We’re all in this together, as Troy Bolton, played by Zac Efron, and Gabriella Montez, portrayed by Vanessa Hudgens, would say. While the movie series is supposed to be set at East High School in Albuquerque, New Mexico, filming actually took place at East High School in Salt Lake City. Many of the backdrops for some of the recognizable scenes are still as they were when the movie series debuted. The school even has a High School Musical tour available for inquiring visitors. Both the first and third movies were made in Salt Lake City, while the second was shot in the St. George area.

Pirates of the Caribbean: At World’s End

The Bonneville Salt Flats, one of the most surreal places in the world, served as an other-worldly site as the location of Davy Jones’ Locker in the third installment of the wildly popular “Pirates of the Caribbean” movies. Other movies have used the Salt Flats as locations to serves as a desolate, far-off place beyond typical human civilization, including Nicholas Cage’s cult classic, Con Air, and Will Smith’s blockbuster, Independence Day.

Dumb & Dumber

The adventures of absent-minded pals Harry and Lloyd were placed in several Utah locations which can still be easily found today. Except for the old Salt Lake City International Airport, where Lloyd, played by Jim Carrey, raced through the terminal before running off the jetway in an attempt to deliver an abandoned briefcase. That old airport has since been replaced. Still, locations like the exterior of the mansion where the Snow Owl Benefit, which is actually the Devereaux House at the Triad Center in downtown SLC, are still standing.

Footloose

If you didn’t know that Kevin Bacon’s box office hit, “Footloose”, was filmed in Utah, chances are you just haven’t had a conversation with a Utahn for more than 10 minutes. The Lehi area that now boasts Utah’s booming tech industry was once more well-known as the town portrayed in Footloose. The warehouse or factory place where Bacon’s character, Ren, punch-dances out all his rage? That’s the Lehi Roller Mills on Main Street. The town’s church that the stuffy adults who have banned dancing meet as the center of their universe, that’s in nearby American Fork.
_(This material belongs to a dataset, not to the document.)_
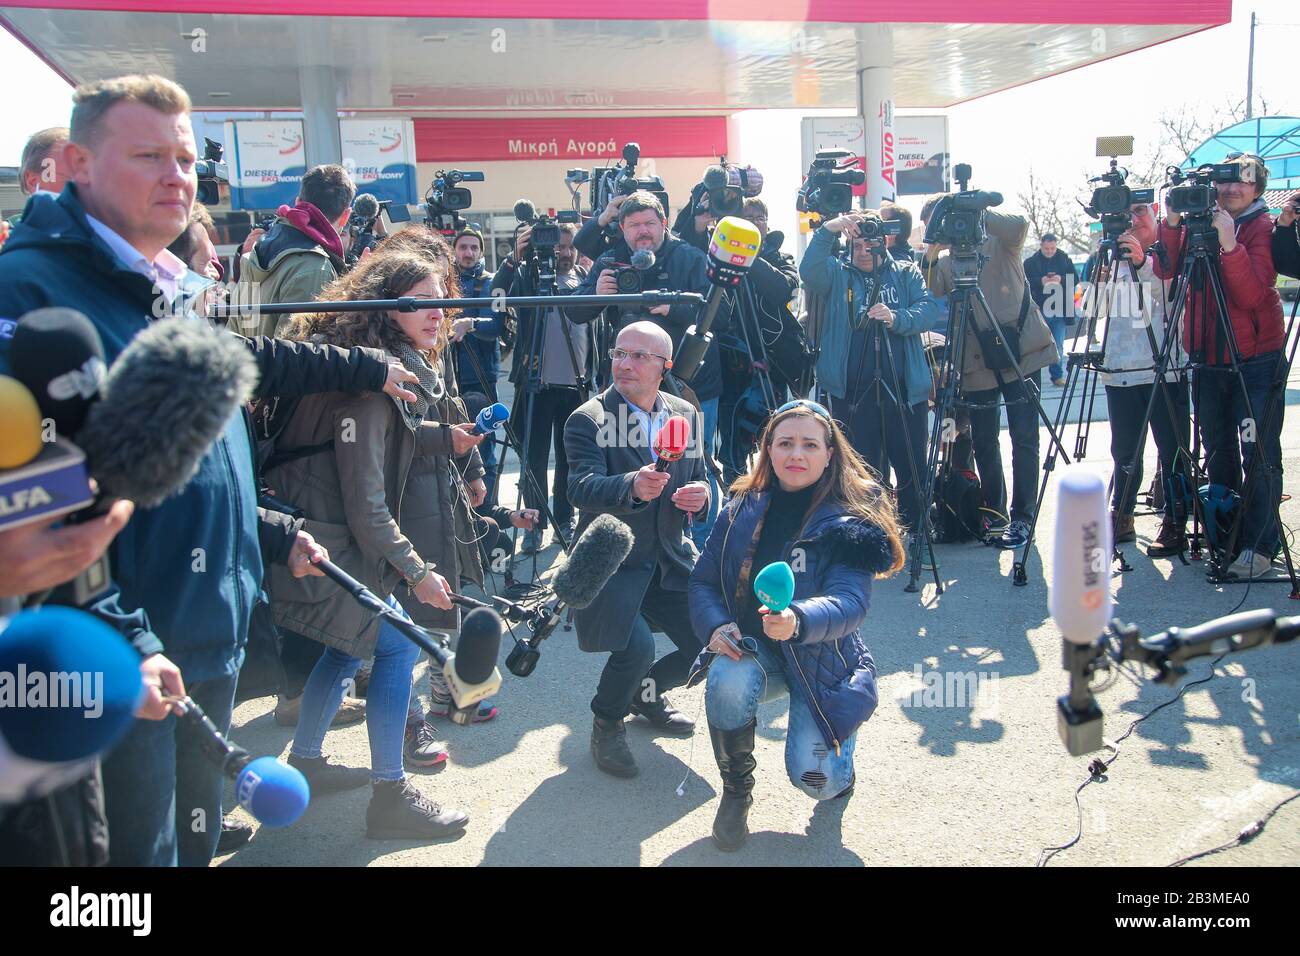 Kastanies, Evros, Grecia - 1 de marzo de 2020: Periodistas, equipos de televisión y fotoperiodismo de todo el mundo se han reunido en el griego-turco Foto de stock

Butch Cassidy and the Sundance Kid

At one point, the 1969 Western starring film icons Paul Newman and Robert Redford, Butch Cassidy and the Sundance Kid was easily the most seen and famous movie to be shot in Utah. The film has since been added to the National Film Registry by the Library of Congress, thanks perhaps in large part to the jaw-dropping backgrounds provided by the Southern Utah landscape. The movie put the abandoned town of Grafton on the map as the most photographed ghost town in the world while also showing off the natural wonders of Zion National Park and Snow Canyon State Park.

Multiple Lifetime/Hallmark holiday movies

For many, the predictable and often freakishly similar themes of Lifetime or Hallmark holiday movies are a guilty pleasure. Utah has been a reliable backdrop for many of these movies, including four that have been shot in this year alone, Pearce says. “We also make really great snow in the summertime,” she laughs when explaining that many of these movies are filmed well outside of the winter months in places like Bountiful, Payson, and Oakley.